About 25% of parents interviewed in a focus group survey said their kids had seen antisemitic symbols such as swastikas in schools after Hamas’ Oct. 7, 2023, attack on Israel.
Nearly half — 45% — reported that their kids had experienced or witnessed some form of Jew hatred.
One-third of respondents said children were exposed to “problematic” or anti-Israel school curricula.
“These independent schools are failing to support Jewish families. By tolerating — or in some cases, propagating — antisemitism in their classrooms, too many independent schools in cities across the country are sending a message that Jewish students are not welcome,” said Jewish ADL CEO Jonathan Greenblatt.
“It’s wrong. It’s hateful. And it must stop,” he added. “ADL is partnering with parents to demand change.
Antisemitism in K-12 schools has exploded, with 1,162 antisemitic incidents recorded in 2023 and 860 antisemitic incidents recorded in 2024, according to ADL’s audits on Jew hatred.
Since 2020, antisemitic incidents at K-12 schools have spiked by an alarming 434%.
Given the results, ADL’s Ratings and Assessments Institute (RAI) and Ronald Birnbaum Center to Combat Antisemitism in Education (CCAE) launched a new initiative to examine antisemitism within non-Jewish K to 12 schools.
To kick off the effort, the researchers conducted focus groups and a survey of parents of
Jewish children who attend independent K-12 schools, through ADL’s networks, including 25 regional offices.
The interviews were conducted with parents of private school children in the New York City, Chicago, Los Angeles and San Francisco regions as well as the Washington, DC/Maryland suburbs.

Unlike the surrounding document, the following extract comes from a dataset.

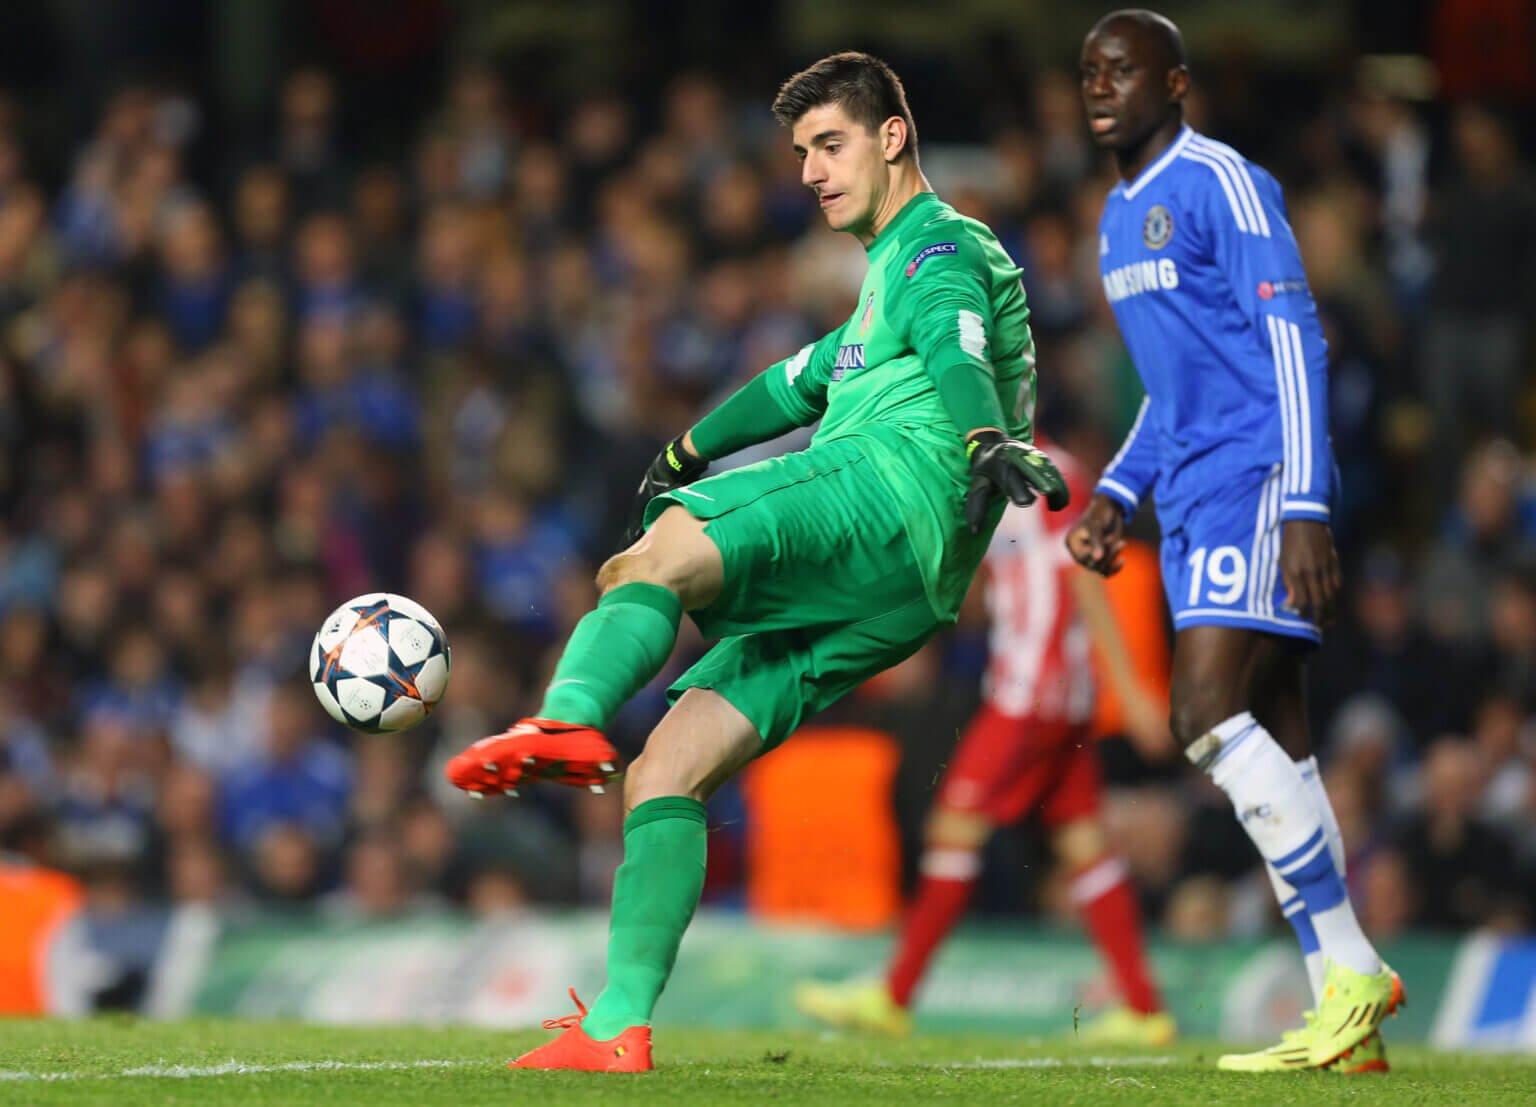 Năm 2014, Courtois góp công lớn giúp Atletico loại đội bóng chủ quản Chelsea tại bán kết Champions League

During the focus groups and open-ended surveys, parents voiced widespread concern that non-discrimination and diversity, equity and inclusion programs at their schools “systematically ignore Jewish identity and antisemitism,” the report said.
“This omission not only erases the lived experiences of Jewish students and families but also undermines the core mission of non-discrimination programming and DEI. Far from being a minor oversight, parents see this as a fundamental flaw – one that allows bias to go unchallenged and signals to their children that their identity does not matter,” the ADL said.

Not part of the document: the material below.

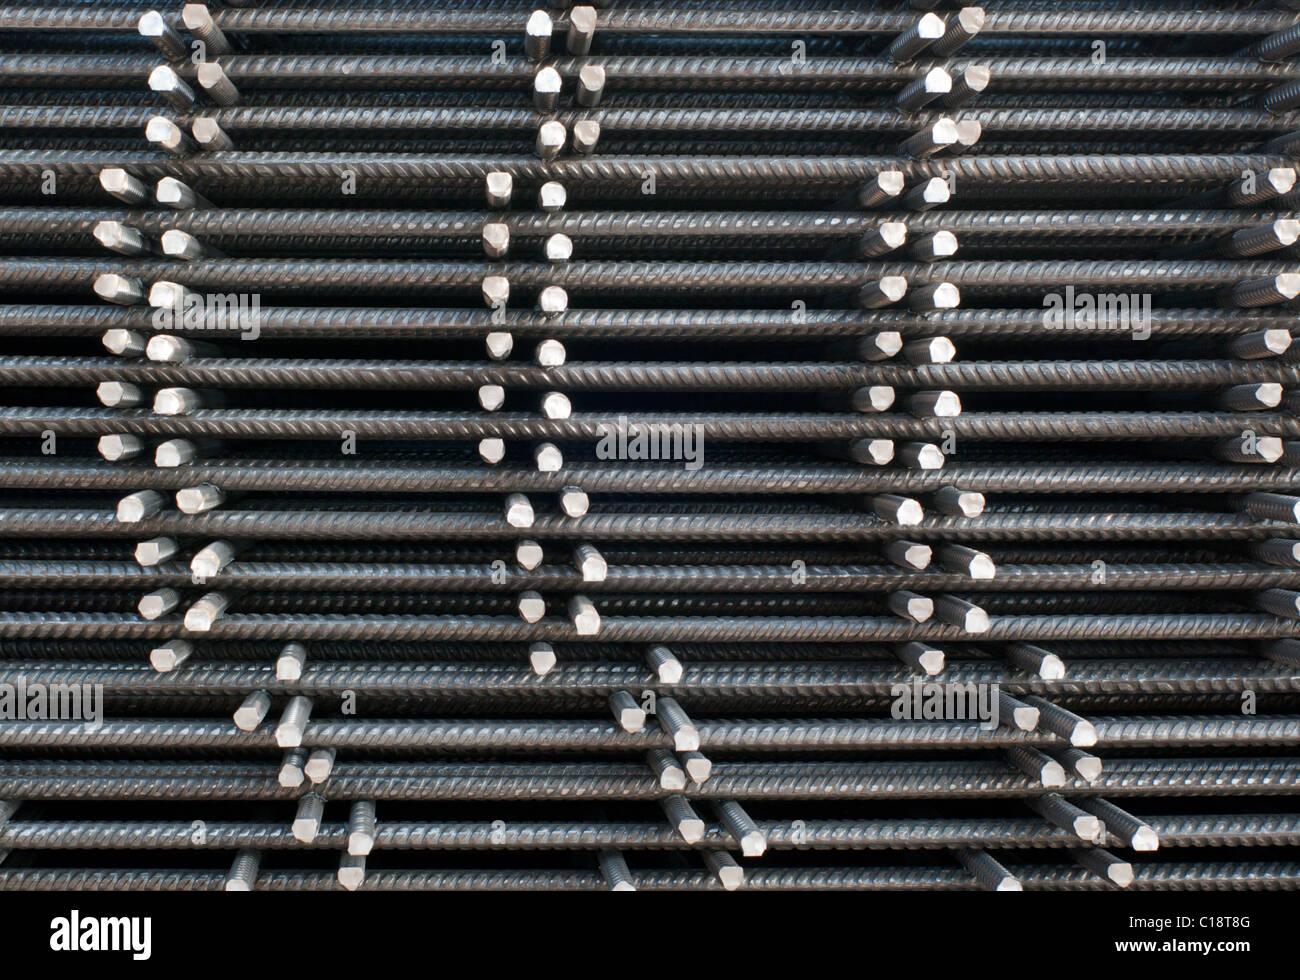 Il rinforzo del cemento armato di maglia di acciaio Immagini Stock

A New York-based parent described a situation where the school curriculum itself included the use of an antisemitic symbol:
“On Holocaust Remembrance Day, the seventh-grade history department decided to do a lesson about how the swastika isn’t only a hateful symbol … That was a Holocaust Remembrance lesson,” the parent said.

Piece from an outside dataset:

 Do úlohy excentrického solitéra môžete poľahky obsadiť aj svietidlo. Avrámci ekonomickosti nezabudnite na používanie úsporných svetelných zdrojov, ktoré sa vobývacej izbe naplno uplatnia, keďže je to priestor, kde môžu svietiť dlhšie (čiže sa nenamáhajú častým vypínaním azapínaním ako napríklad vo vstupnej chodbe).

A California-based parent said, “Some desks were carved with swastikas in a history classroom.”
A New York parent also described writing in the school saying, “Free Palestine from the river to the sea.”
“We’ve had kids called k–e on the playground, numerous kids. We’ve had my daughter and another kid followed around after October 7th with a phone in their face saying, ‘You’re genocidal, your people are genocidal,’” a DC-area parent said.
Parents often described their school’s response to antisemitism as insufficient, and that many incidents go unreported.
The lax administrative response to antisemitism is fostering a “de facto system of Jewish exclusion from independent schools,” the report concluded.